Wandelt a présenté l'étude, qui n'est pas encore publiée dans une revue scientifique à comité de lecture, lors de la conférence 2022 de la Society for Neuroscience à San Diego. Elle pense que les résultats signifient une preuve de concept importante, bien que le vocabulaire devrait être élargi avant qu'un patient enfermé puisse déjouer une belle-mère diabolique ou se procurer un verre d'eau. "De toute évidence, les mots que nous avons choisis n'étaient pas les plus informatifs, mais si vous les remplacez par oui, non, certains mots qui sont vraiment informatifs, ce serait utile", a déclaré Wandelt lors de la réunion.

Pensées en lettres en mots

Une autre approche contourne la nécessité de construire un grand vocabulaire en concevant une interface cerveau-machine qui reconnaît les lettres au lieu des mots. En essayant de dire à la bouche les mots qui codent pour chaque lettre de l'alphabet romain, un patient paralysé pouvait épeler n'importe quel mot qui lui passait par la tête, en enchaînant ces mots pour communiquer en phrases complètes.

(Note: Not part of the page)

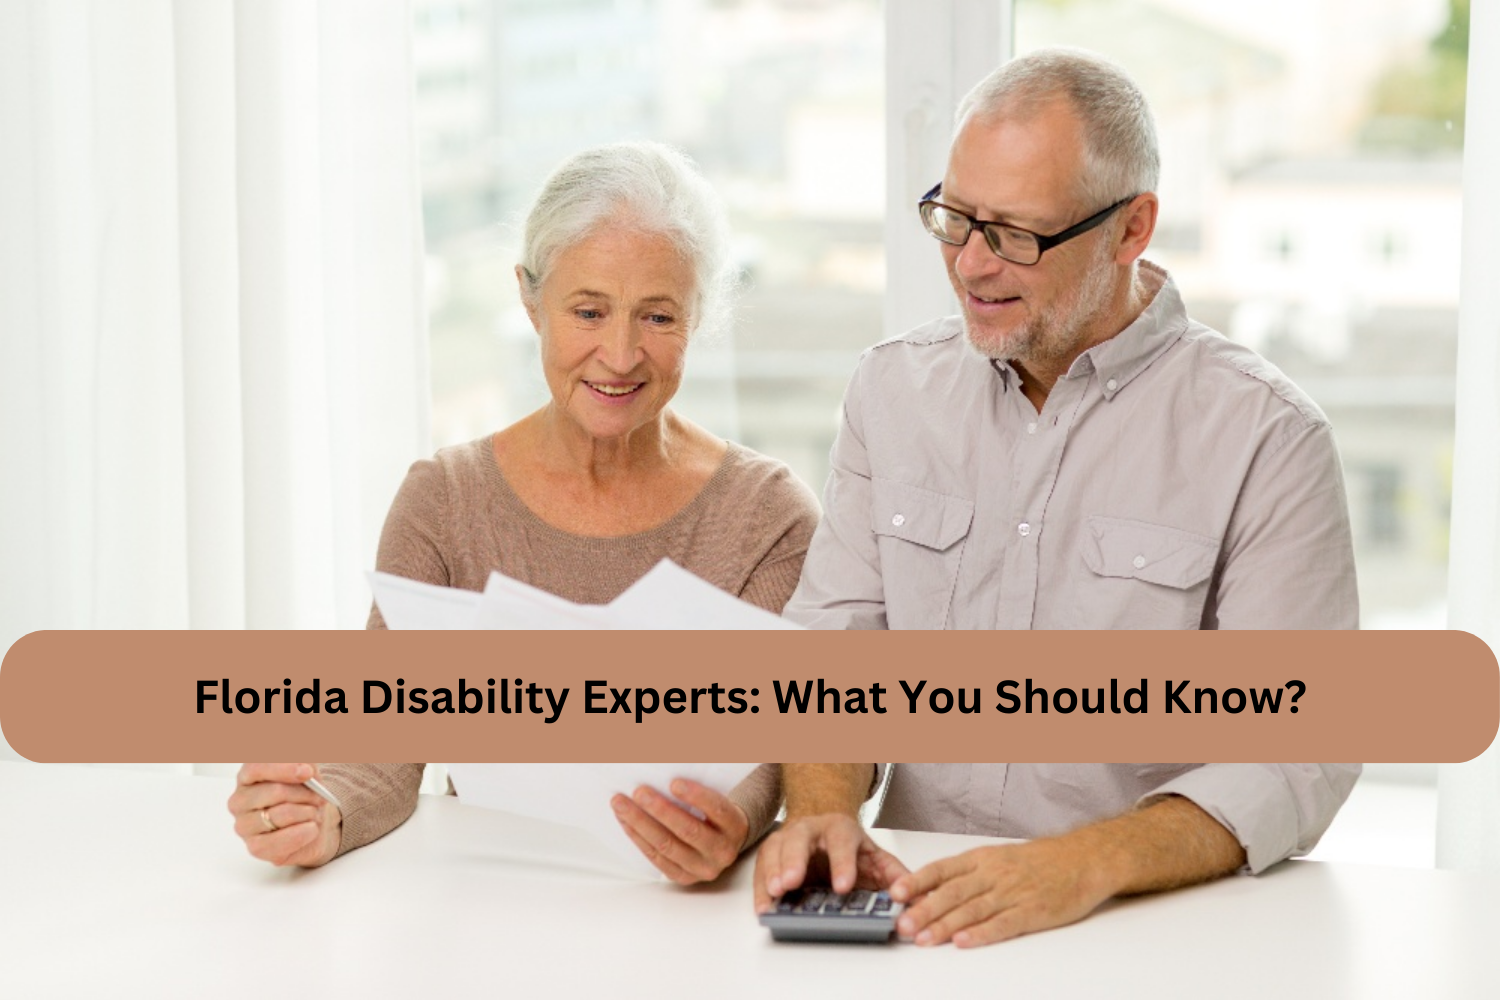 Florida Disability Experts

"Épeler les choses à voix haute avec la parole est quelque chose que nous faisons assez couramment, comme lorsque vous êtes au téléphone avec un représentant du service client", explique Sean Metzger, étudiant diplômé en bio-ingénierie à l'Université de Californie à San Francisco et à l'Université de Californie à Berkeley. Tout comme l'électricité statique sur une ligne téléphonique, les signaux cérébraux peuvent être bruyants. L'utilisation de mots de code OTAN - comme Alpha pour A, Bravo pour B et Charlie pour C - permet de discerner plus facilement ce que quelqu'un dit.

Metzger et ses collègues ont testé cette idée chez un participant incapable de bouger ou de parler à la suite d'un accident vasculaire cérébral. Le participant à l'étude avait un plus grand éventail d'électrodes - de la taille d'une carte de crédit - implantées sur une large bande de son cortex moteur. Plutôt que d'écouter des neurones individuels, ce réseau enregistre l'activité synchronisée de dizaines de milliers de neurones, comme entendre une section entière dans un stade de football gémir ou applaudir en même temps.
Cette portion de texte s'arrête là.